Can Yücel
Fotoğraf: Envato
John Berger o doyumsuz denemelerinden birinde şiirden söz açar. İnsanlık ayıplarına tanıklık eden şiir dilinden. ‘Şiirin Saati’ (çeviren Gönül Çapan) başlıklı metninde Gestapo’nun tutsak kamplarına değinirken şunları söyler: “Olayları sözcüklerle anlatmak o sözcüklerin duyulacağı ve anlattıkları olayların yargılanacağı umudunu da birlikte getirir. Tanrı tarafından ya da tarih tarafından yargılanacağı umudunu. Her iki durumda da yargı uzak gibi görünür. Oysa hemen yanıbaşında olan ve bazen yanlışlıkla yalnızca bir araç sanılan dil, kendisine şiirin seslenmesiyle, inatçı ve gizemli bir biçimde yargısını verir. Bu yargı herhangi bir ahlak yasasından açıkça farklıdır, ama duydukları karşısında iyilik ve kötülük arasında önemli bir gösterge olur. Öyle ki şiir yoluyla dilin yalnızca bu ayrımı yapmak ve korumak için yaratıldığını görürüz! İşte bu yüzden, günümüzde zenginlerin haksız yere elde ettiklerini korumak için yaptıkları korkunç canavarlıklara karşı dünyada en kesin biçimde karşı duran güç şiirdir. İşte bu yüzden fırınların saati aynı zamanda şiirin de saatidir.”
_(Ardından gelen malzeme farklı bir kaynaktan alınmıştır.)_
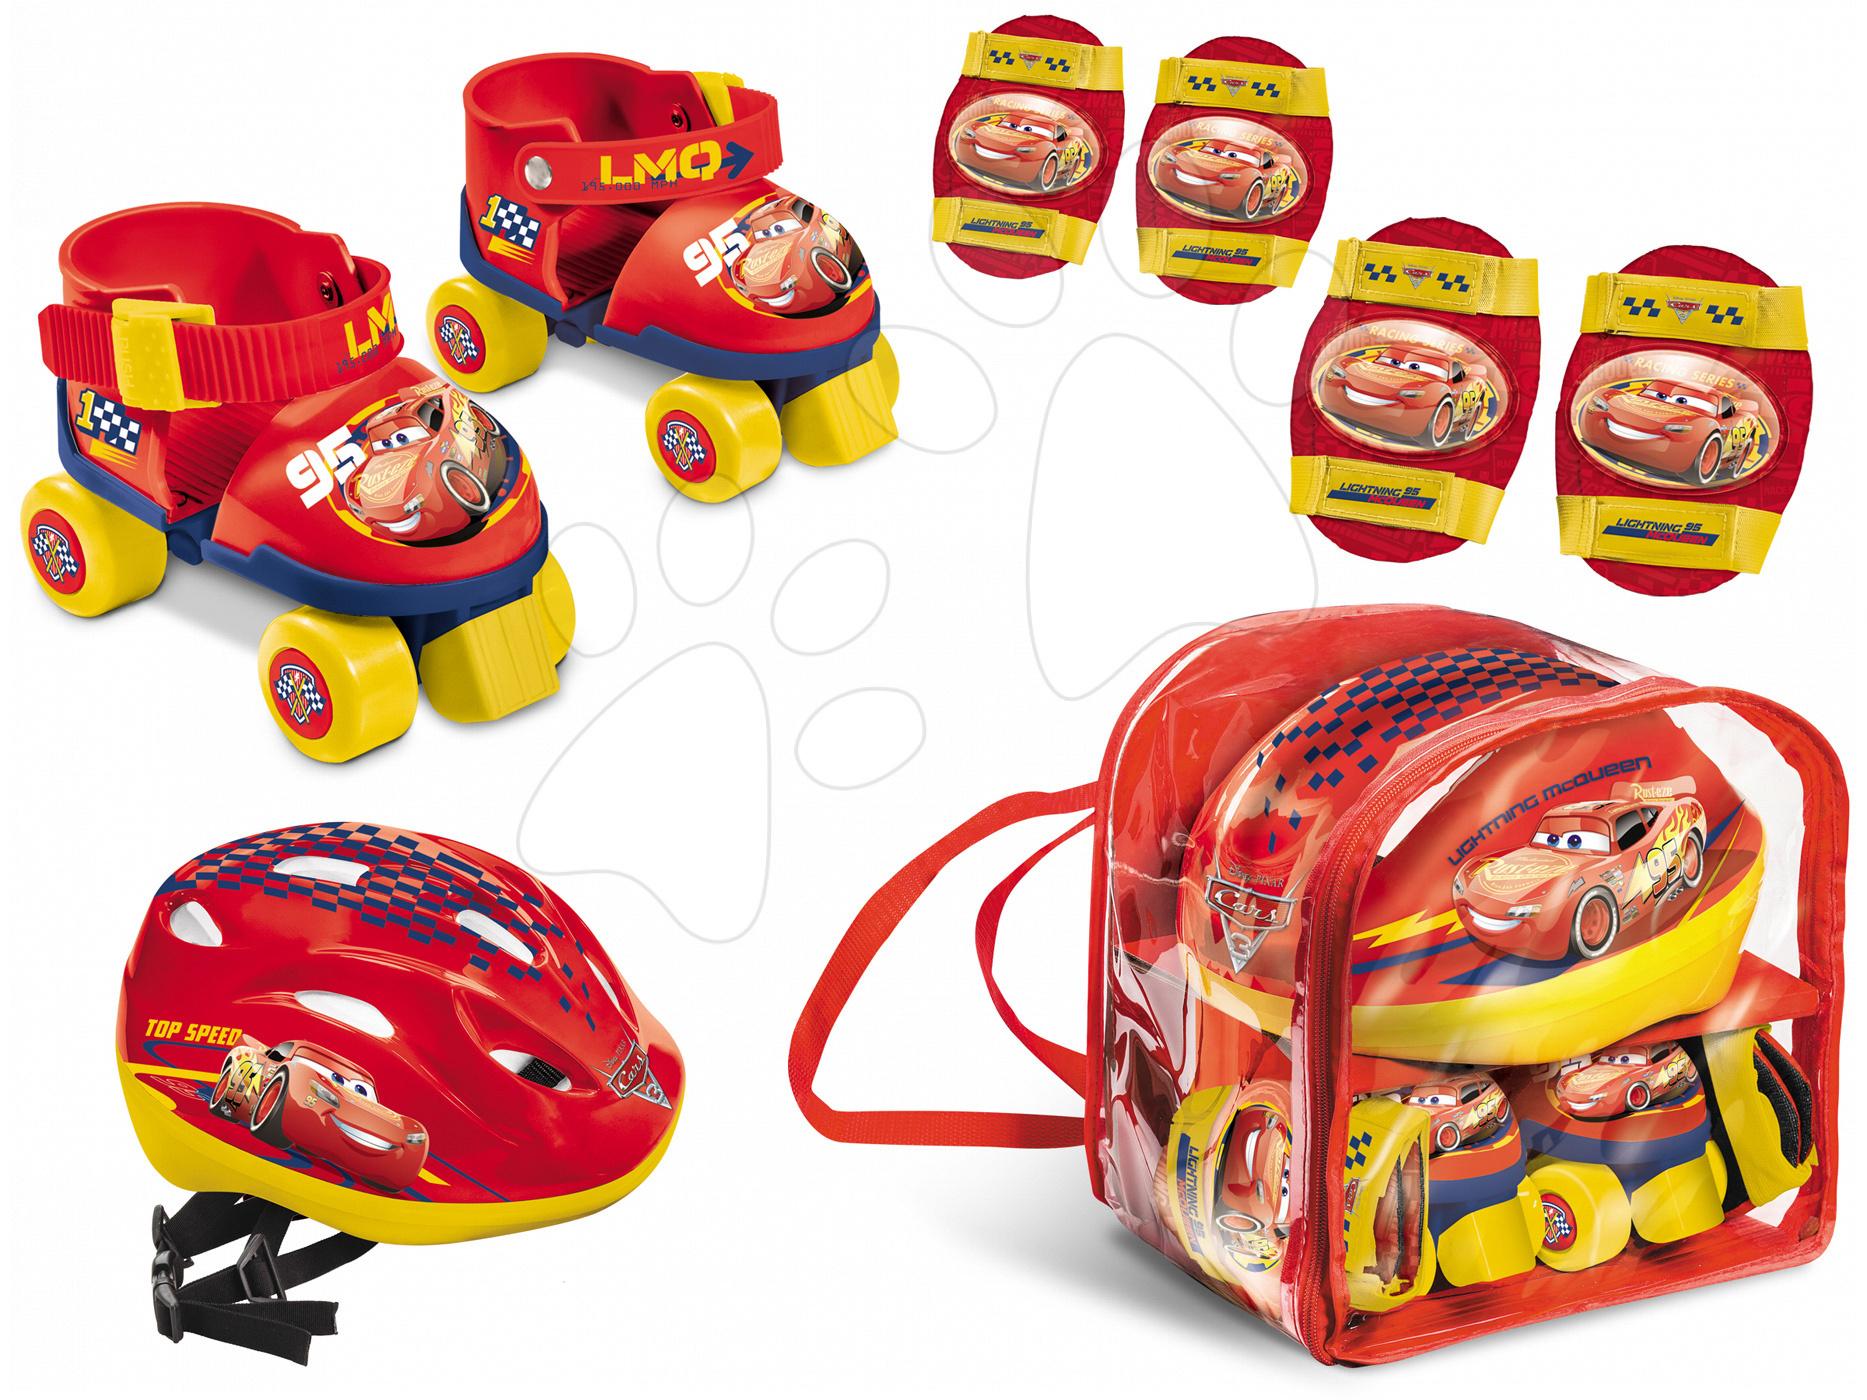 Kolečkové brusle Auta Mondo s chrániči a helmou velikost 22-29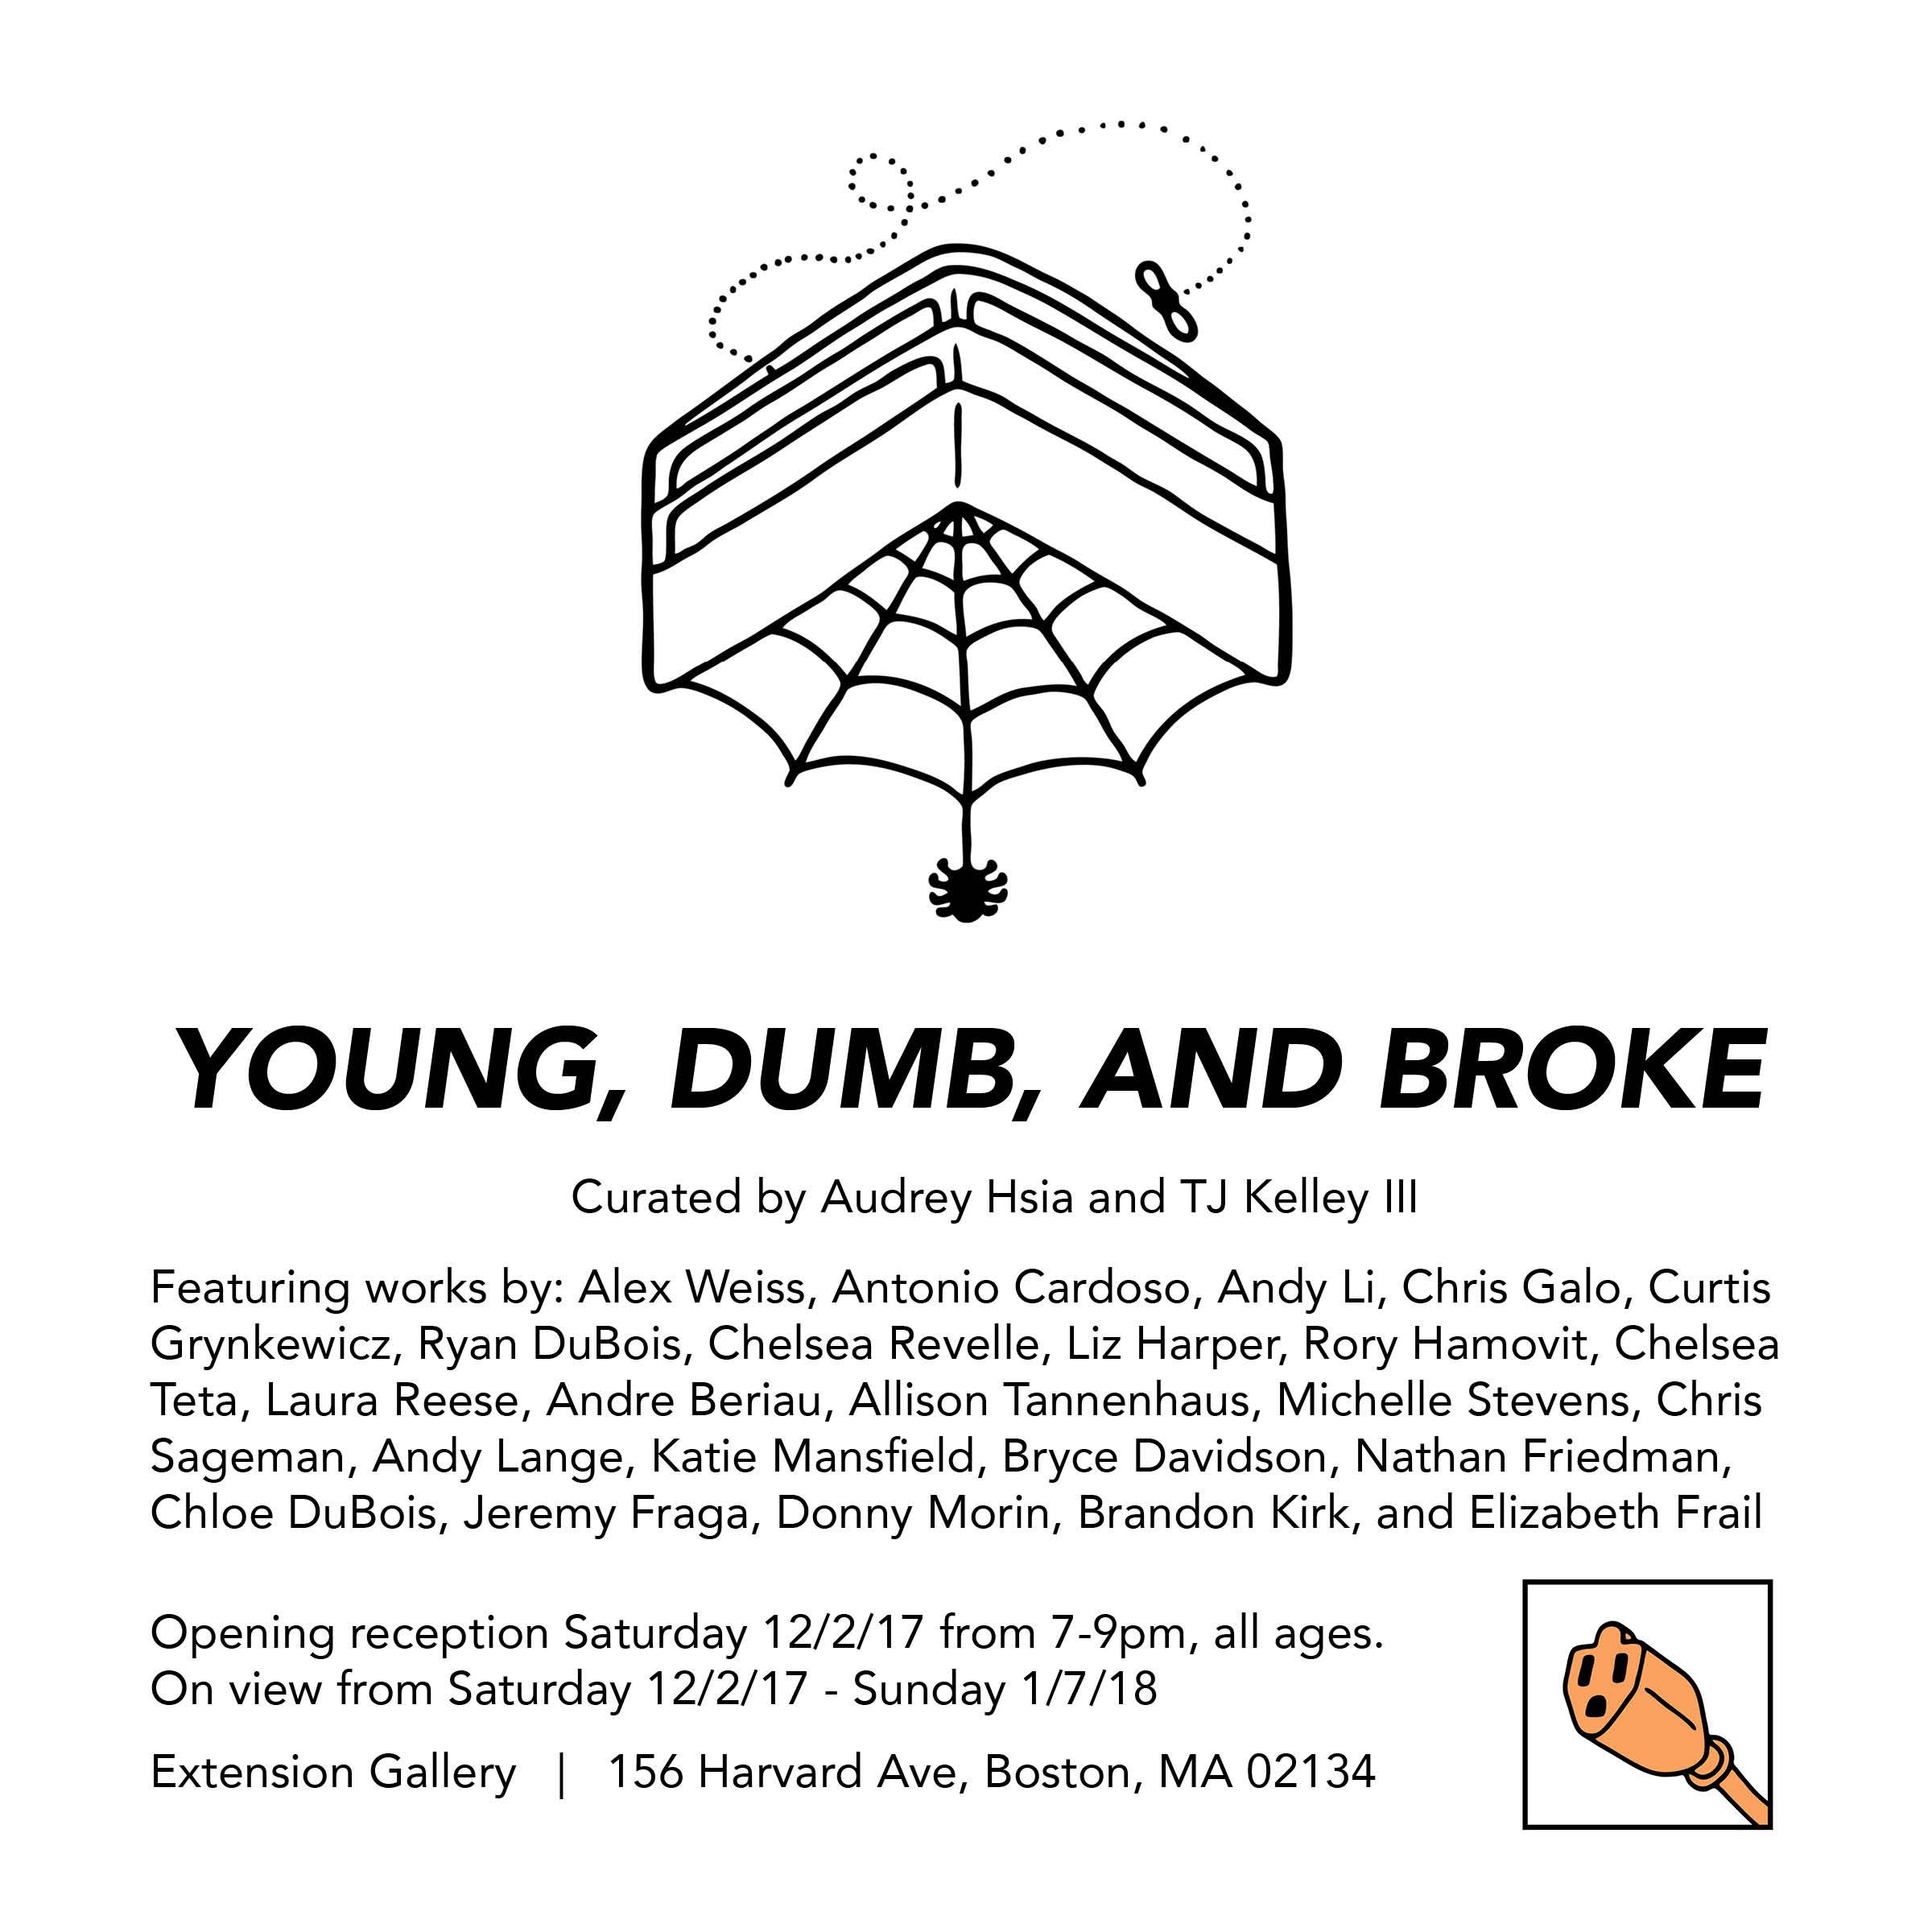 YoungDumbBroke_Flier.jpg

12. ölüm yılında andığımız Can Yücel de işte bu tanıklığa soyunan şairlerimizden biriydi. 12 Mart’ların, 12 Eylül’lerin baskıcı bir o kadar da acılı dönemlerini yaşadı. 12 Mart’ta pek çok bilim insanı, yazar, çizer gibi onun da yolu cezaevlerinden geçti. Yüreği yurt sevgisi ile dolu gençlerin uğradığı ölümlere, zulümlere “Bir Siyasinin Şiirler” kitabıyla kayıt düştü. Sonraları 1 Mayıs’ları, grevleri, işçi yürüyüşlerini de şiir diliyle kayda almayı sürdürecekti. İşçiden, emekten, sol siyasetten yana duruşunu, sosyalist kimliğini ölene dek terk etmedi. Can Yücel için şiir bir yan uğraş değil yaşam biçimiydi. Enver Ercan’la yaptığı bir söyleşide usta ozan şiir üzerine görüşlerini açıklarken şöyle demişti: “…Şiir bir umutsuzluktur. Elbette bir umutsuzluktur. Niçin mi? Umutsuz olmayan adamlar şiir yazamaz. Umutsuz olmayan adamlar resim yapamaz, mimar olamaz. Yaratıcı olamaz. Bu dediğim elbet yaşadığımız bu dünya için bir söz. Çünkü kağıt bir umutsuzluktur. Demirler bile bir umutsuzluktur. Onların içinden bir umudu bulmaktır şiir. Onu bulmak için yazıyorum bende.” İyi ki umudu aramayı sürdürdü ve ardıllarına aşıladı Can Yücel. Ondandır genç kuşakların, şairin dizelerini yineleyip durmaları, müziklerine yansıtmaları. Ondandır gönüllerinde yarattıkları “Can Baba” sevgisi.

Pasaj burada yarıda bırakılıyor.